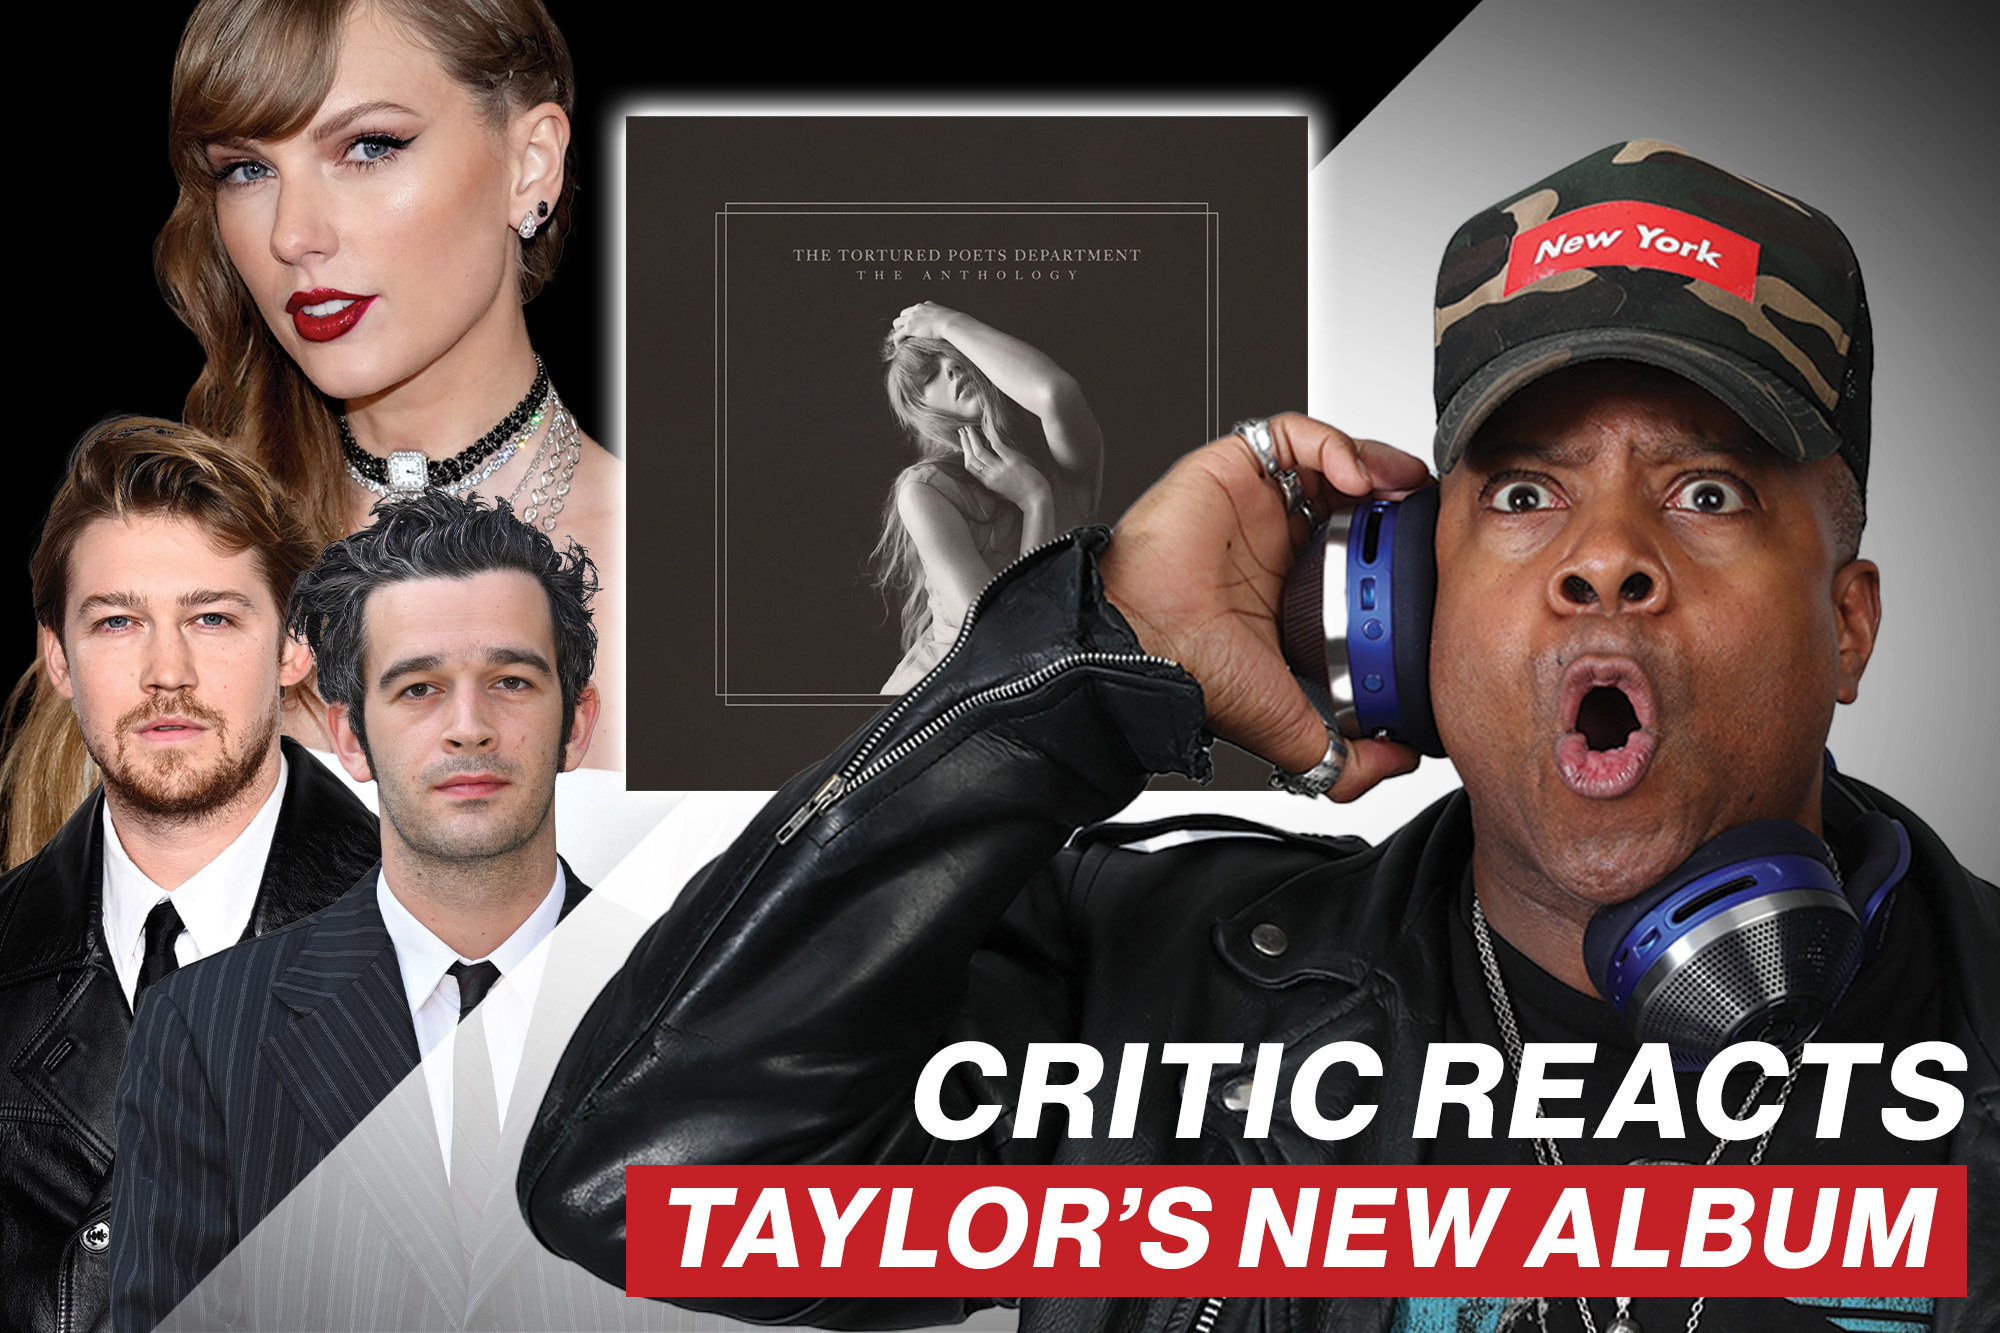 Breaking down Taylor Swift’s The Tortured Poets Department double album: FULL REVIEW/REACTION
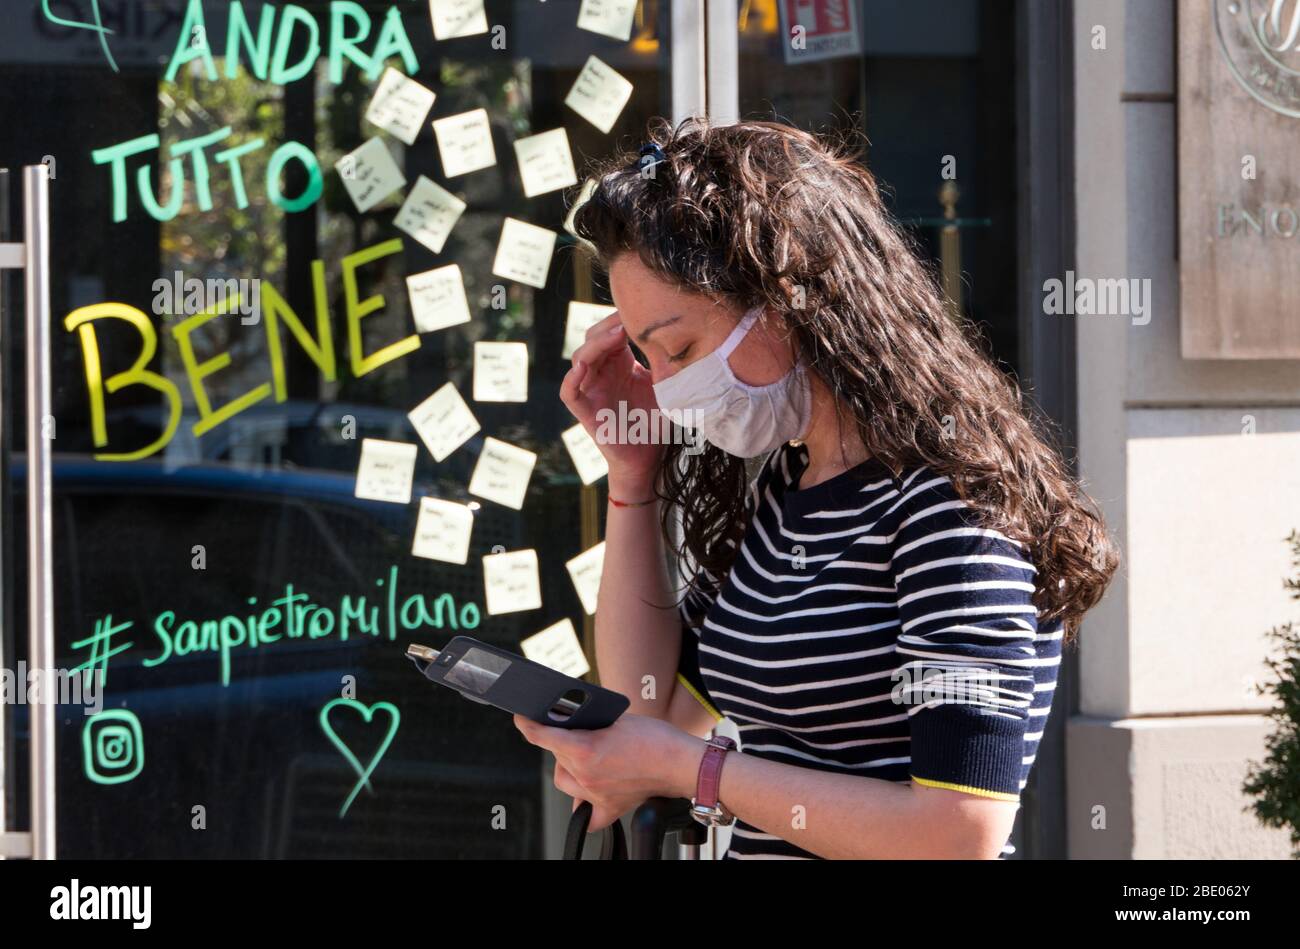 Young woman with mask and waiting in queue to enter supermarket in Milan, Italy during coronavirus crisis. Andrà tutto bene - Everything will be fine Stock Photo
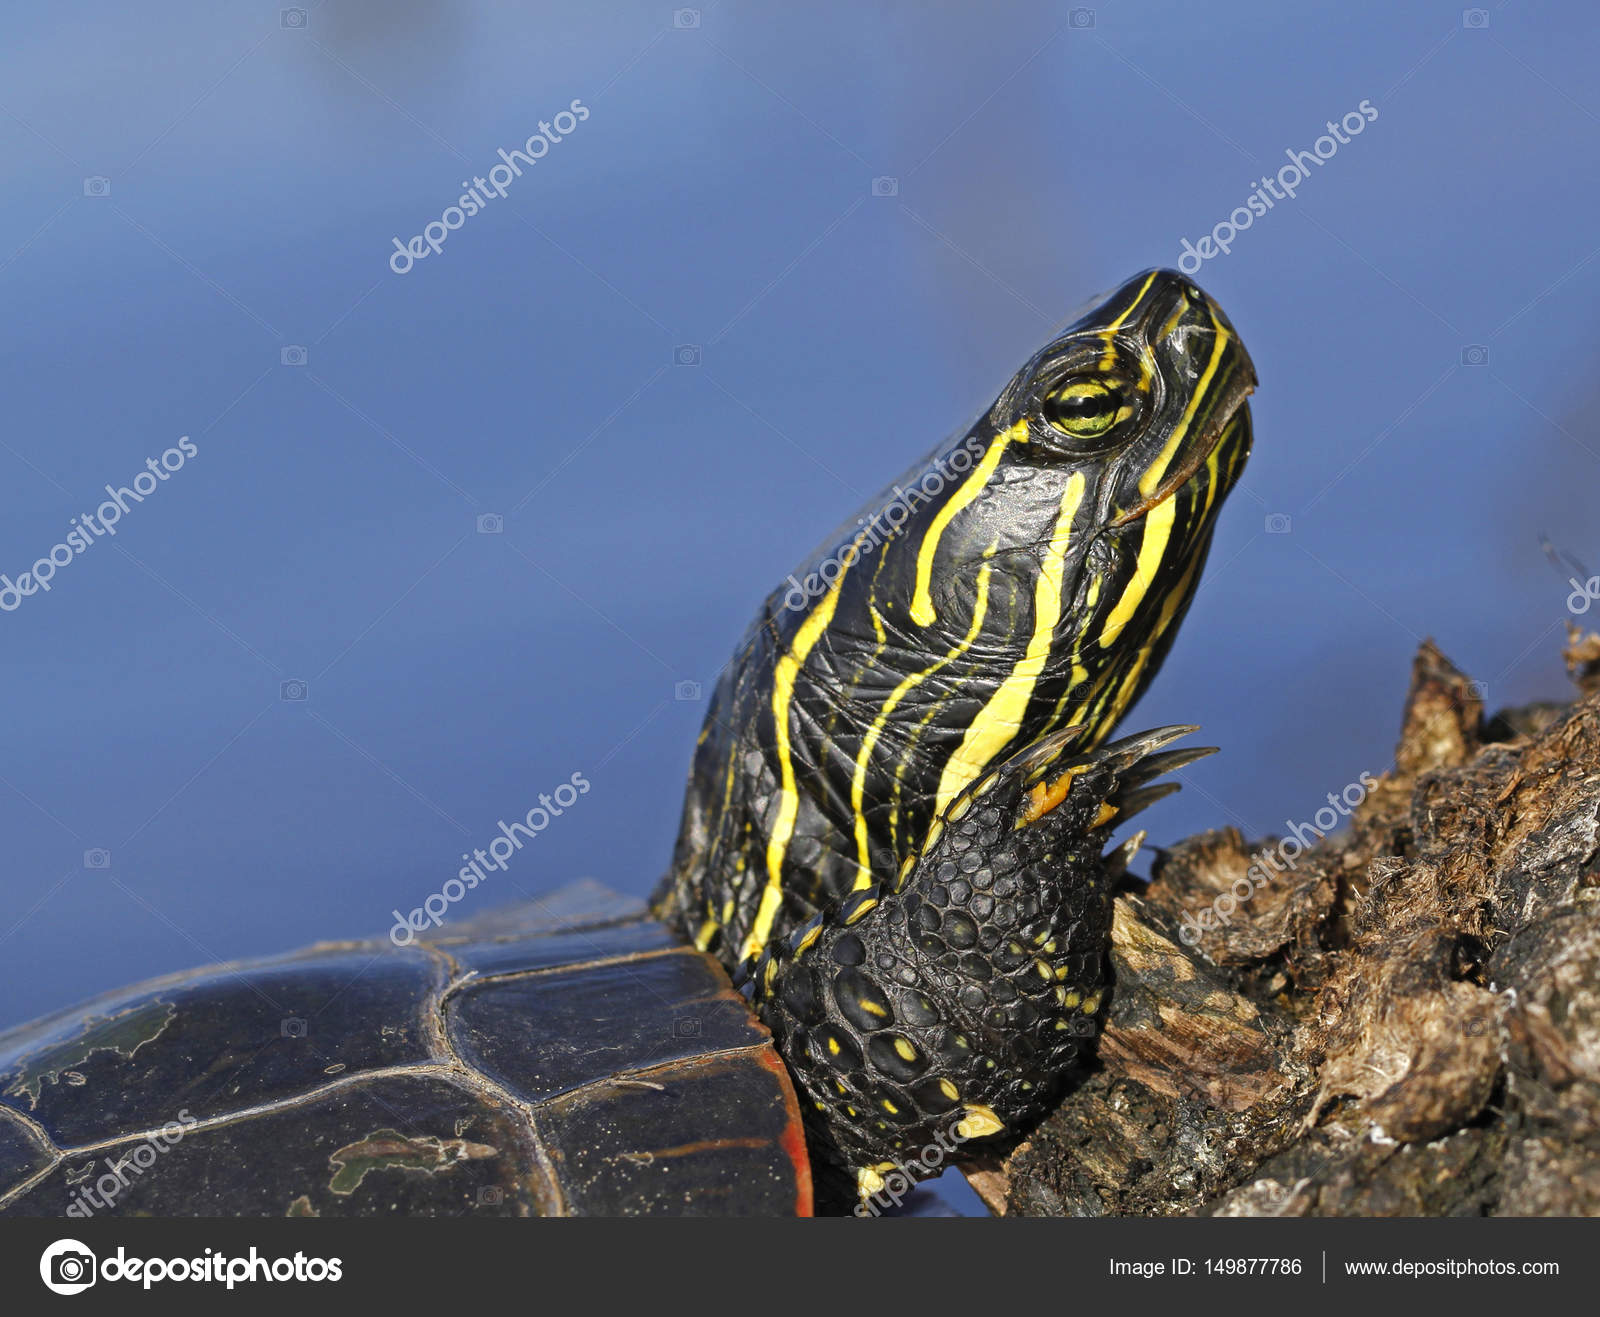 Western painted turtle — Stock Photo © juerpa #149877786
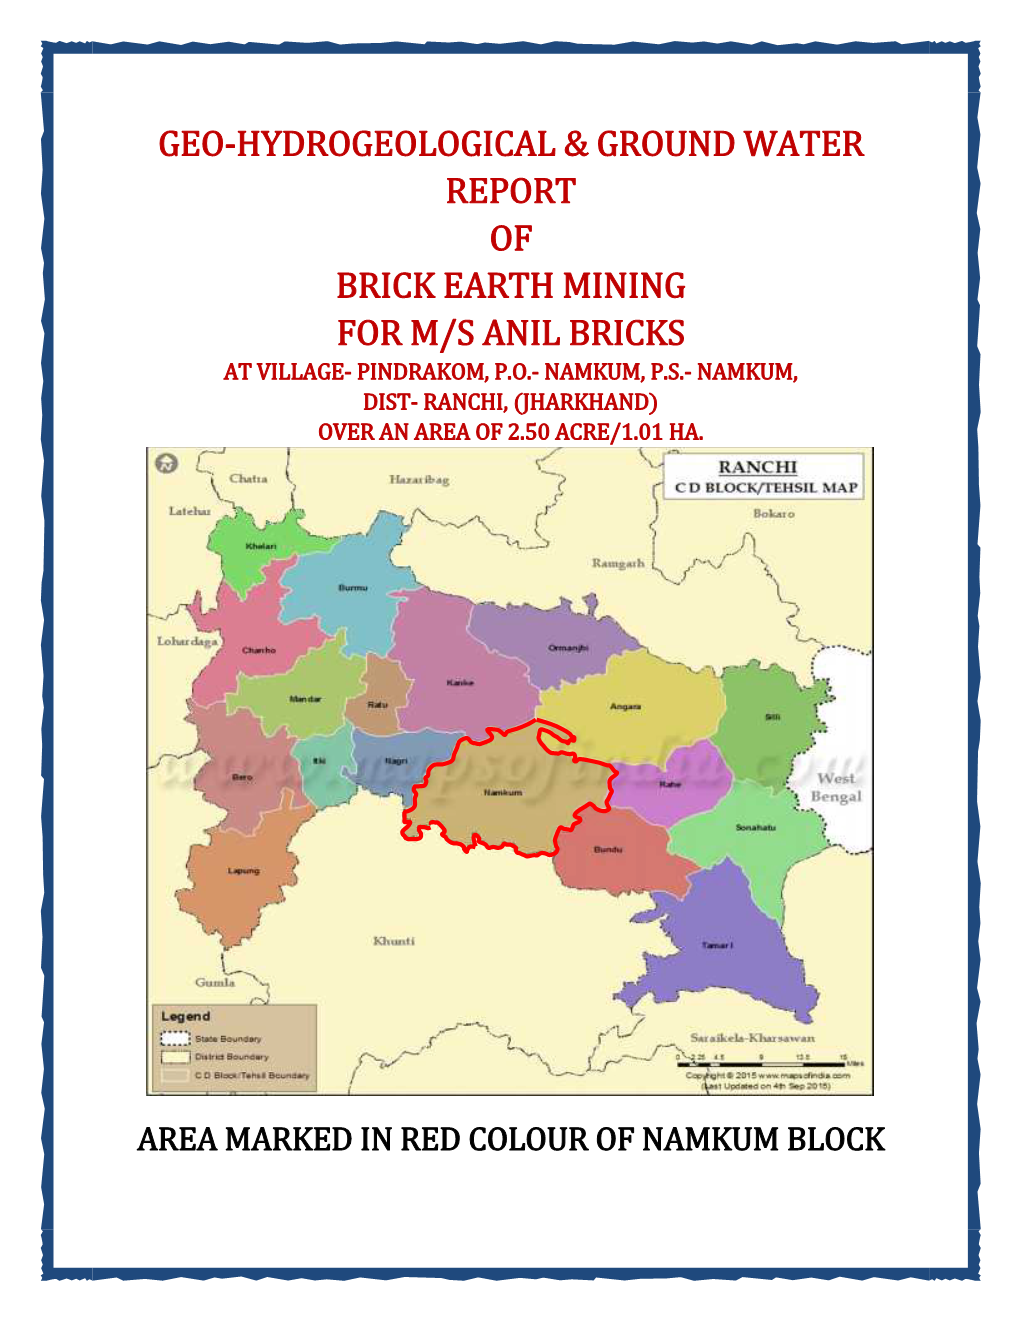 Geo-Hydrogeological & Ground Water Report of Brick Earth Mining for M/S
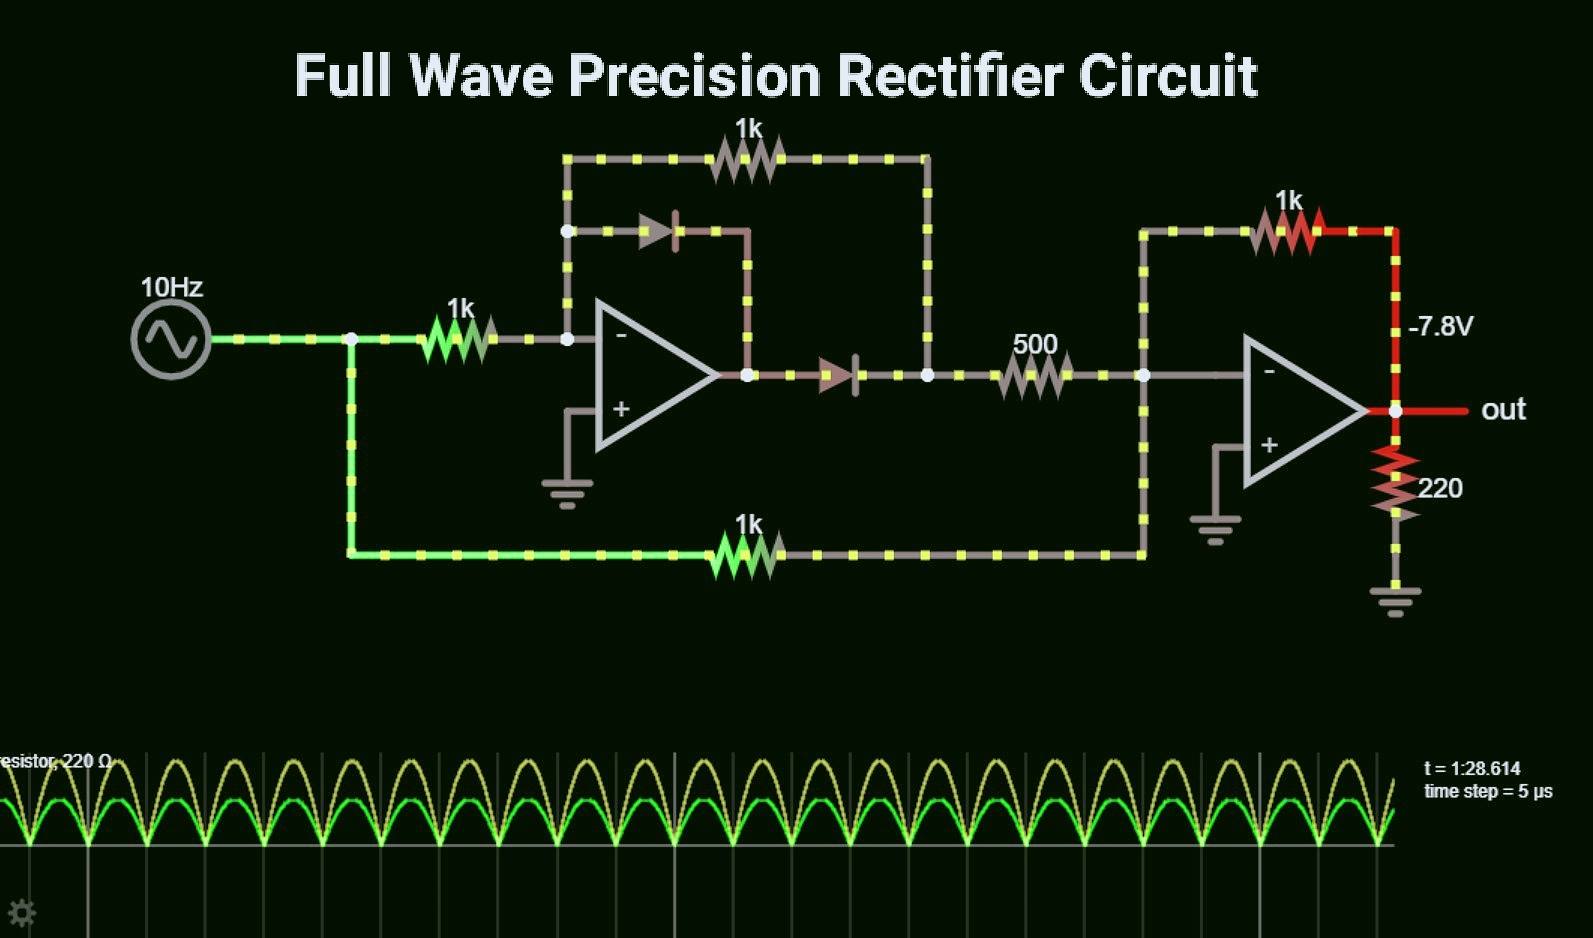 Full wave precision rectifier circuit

__________

Exercise objective » Above are the records; reproduce them exactly and leave out the pictures.

Your solution »
 Breaking down Taylor Swift’s The Tortured Poets Department double album: FULL REVIEW/REACTION
 Young woman with mask and waiting in queue to enter supermarket in Milan, Italy during coronavirus crisis. Andrà tutto bene - Everything will be fine Stock Photo
 Western painted turtle — Stock Photo © juerpa #149877786
 Geo-Hydrogeological & Ground Water Report of Brick Earth Mining for M/S
 Full wave precision rectifier circuit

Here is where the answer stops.